*Assignment*.
The required output is the exact run of lines in the listing below from the line holding "Heering gull, relief" through the line holding "麺電極コロニーシルバーメッキ", with no pictures.

*Input material*.
+ + + + +

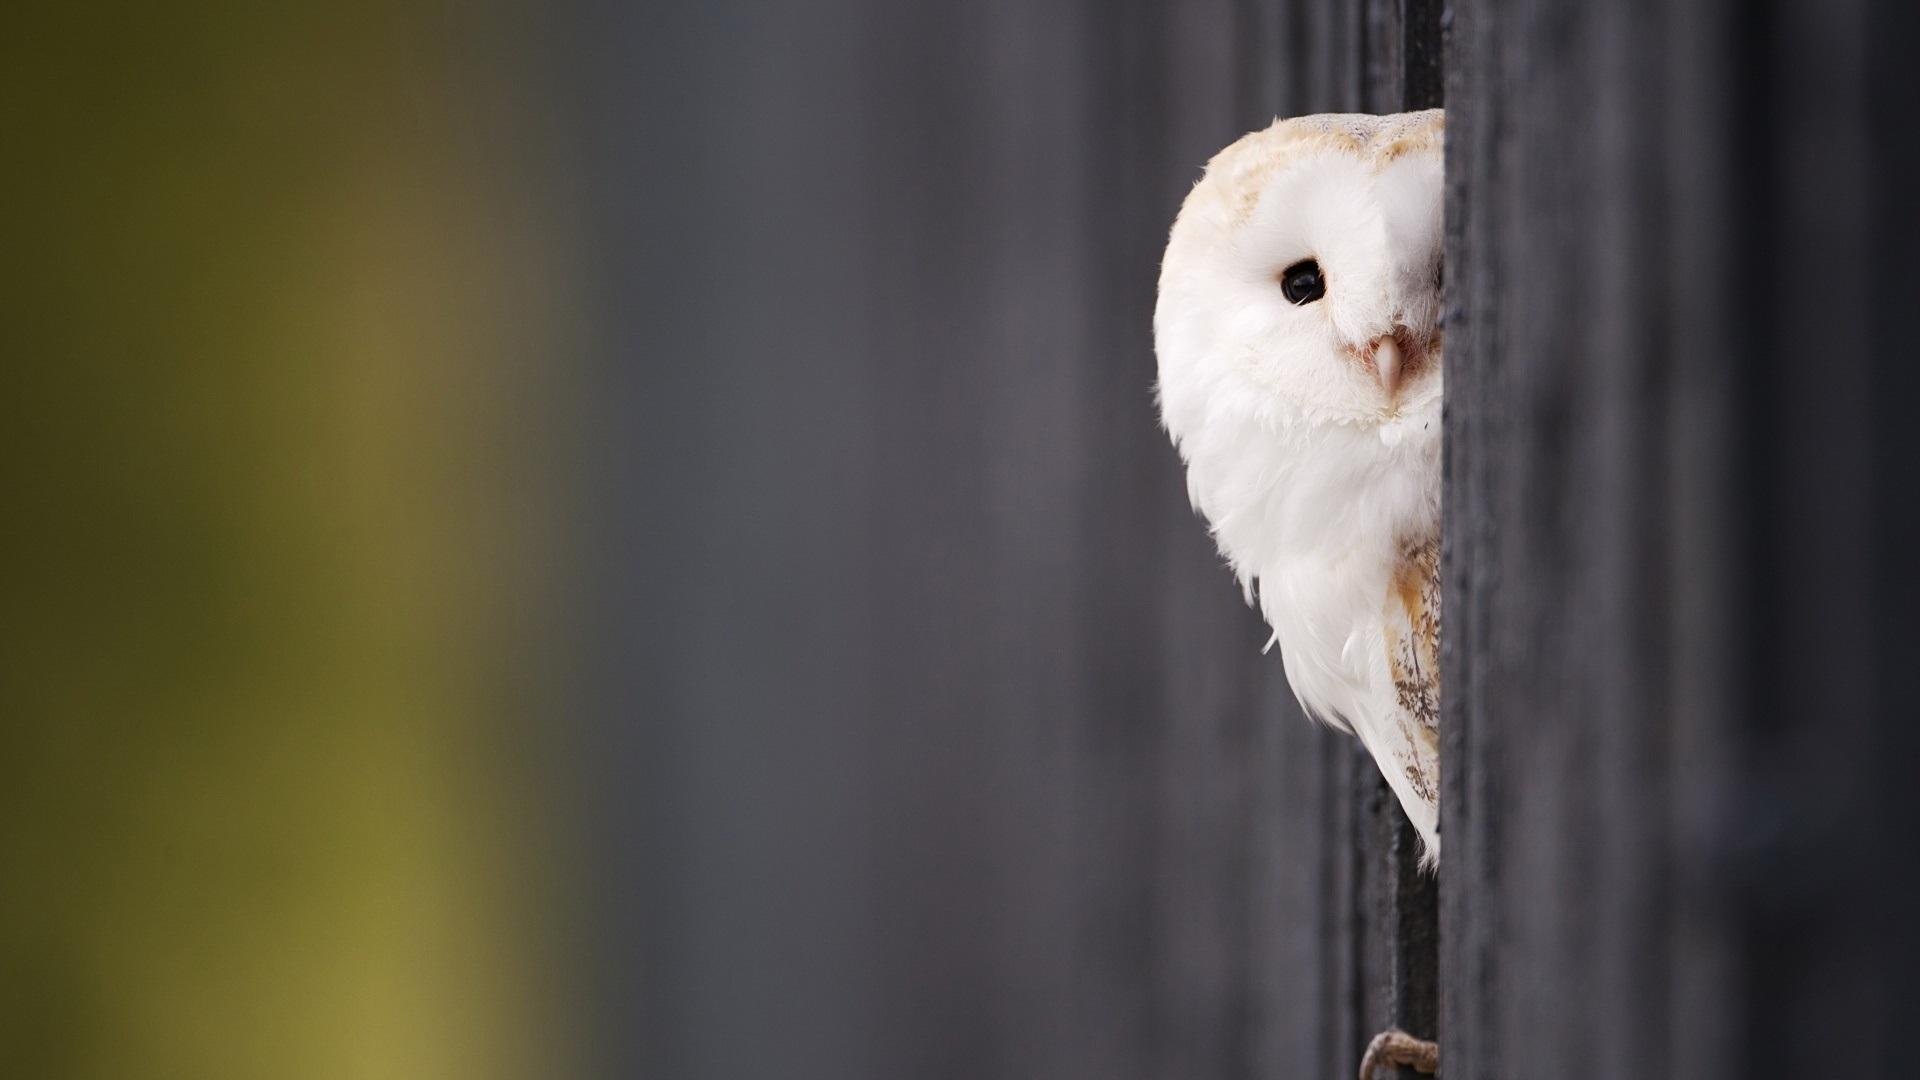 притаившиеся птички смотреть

+ + + + +

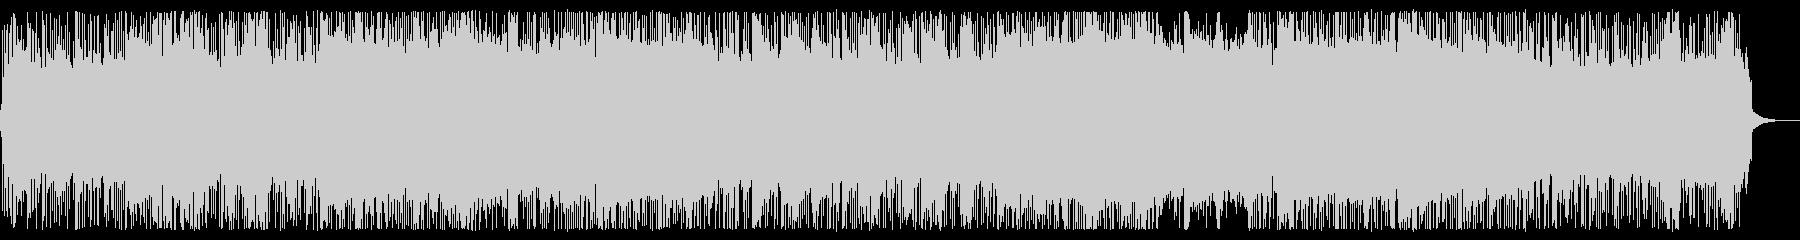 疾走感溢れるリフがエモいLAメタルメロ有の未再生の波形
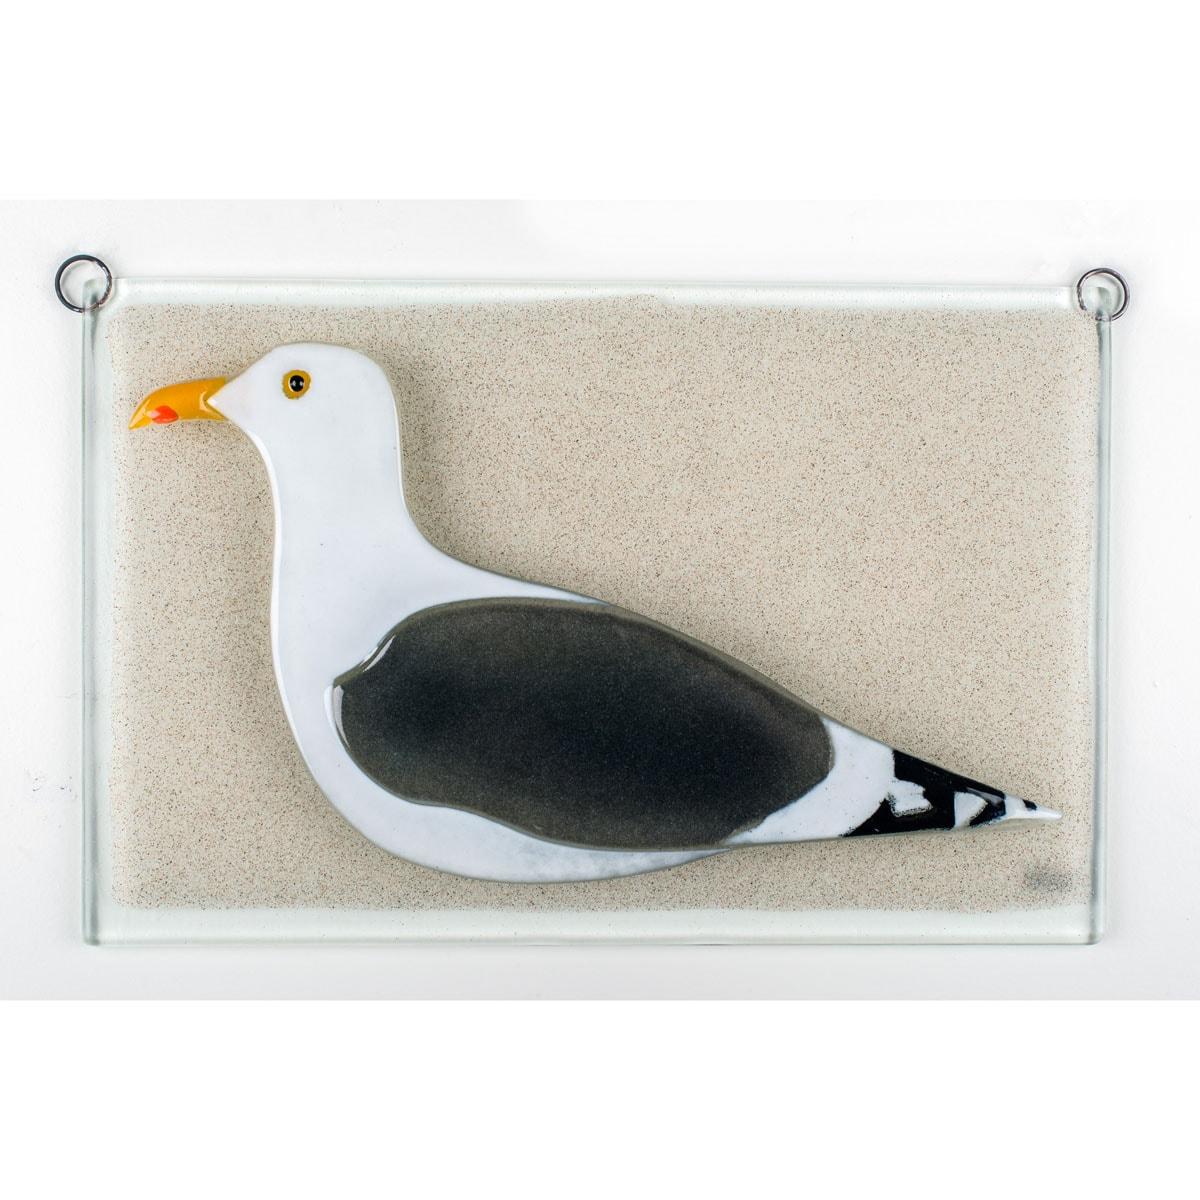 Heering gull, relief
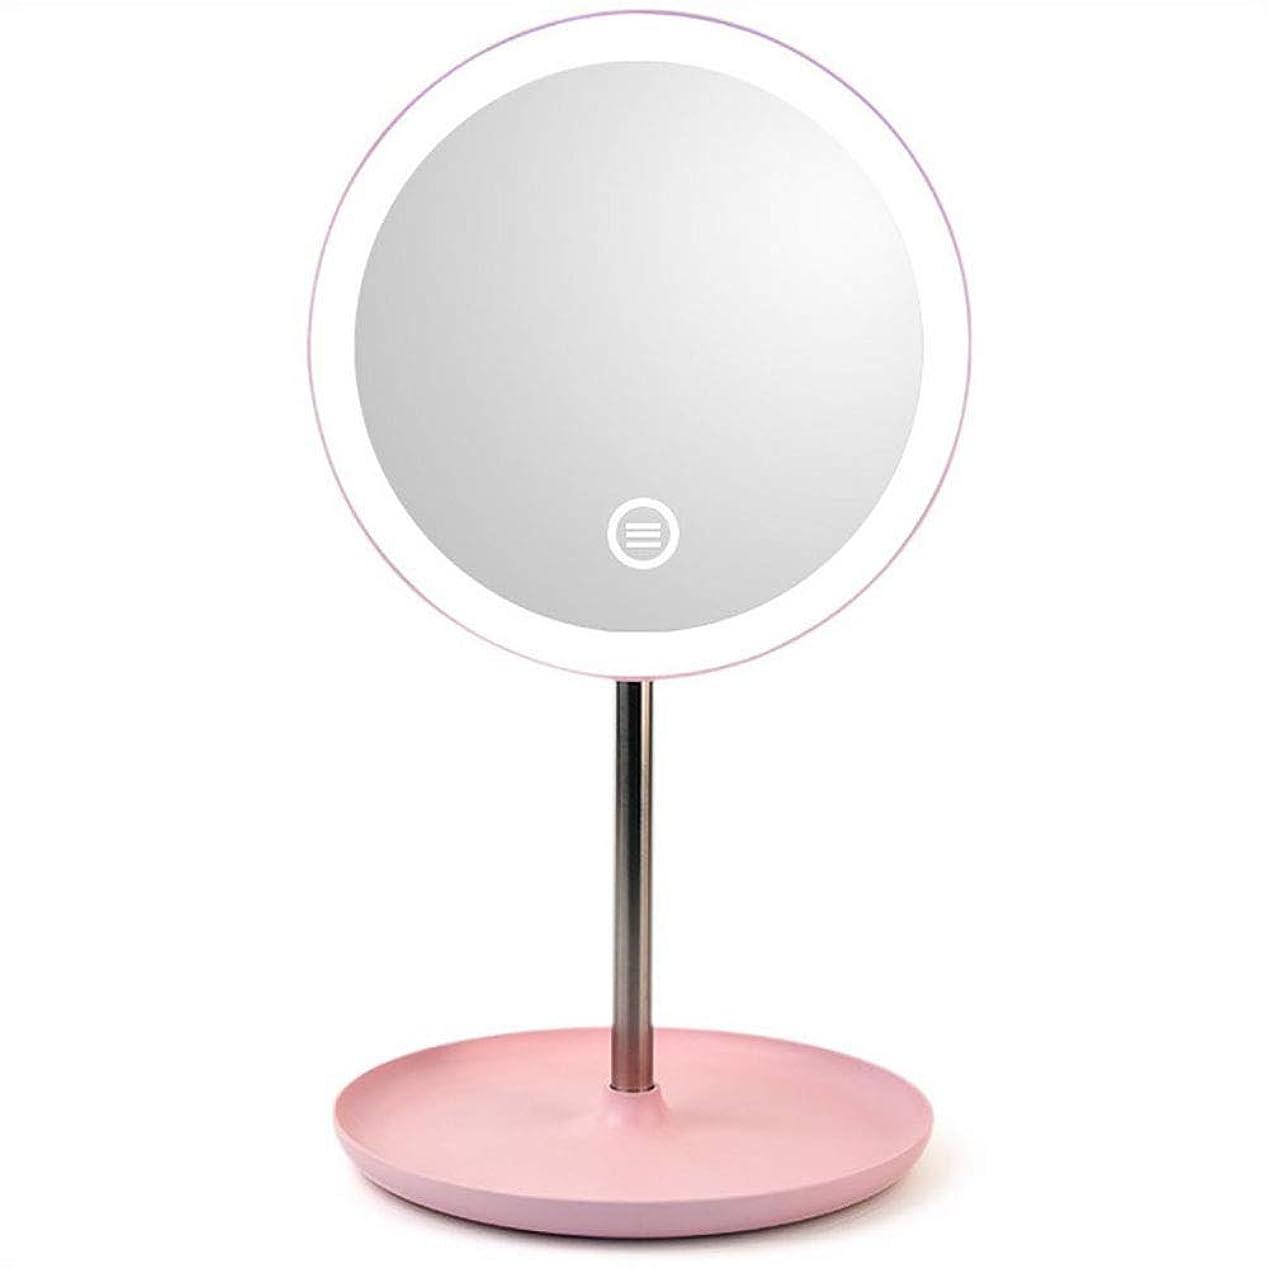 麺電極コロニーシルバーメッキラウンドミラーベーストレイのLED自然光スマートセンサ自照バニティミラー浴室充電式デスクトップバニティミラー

+ + + + +

*Task response*.
 Heering gull, relief
 麺電極コロニーシルバーメッキラウンドミラーベーストレイのLED自然光スマートセンサ自照バニティミラー浴室充電式デスクトップバニティミラー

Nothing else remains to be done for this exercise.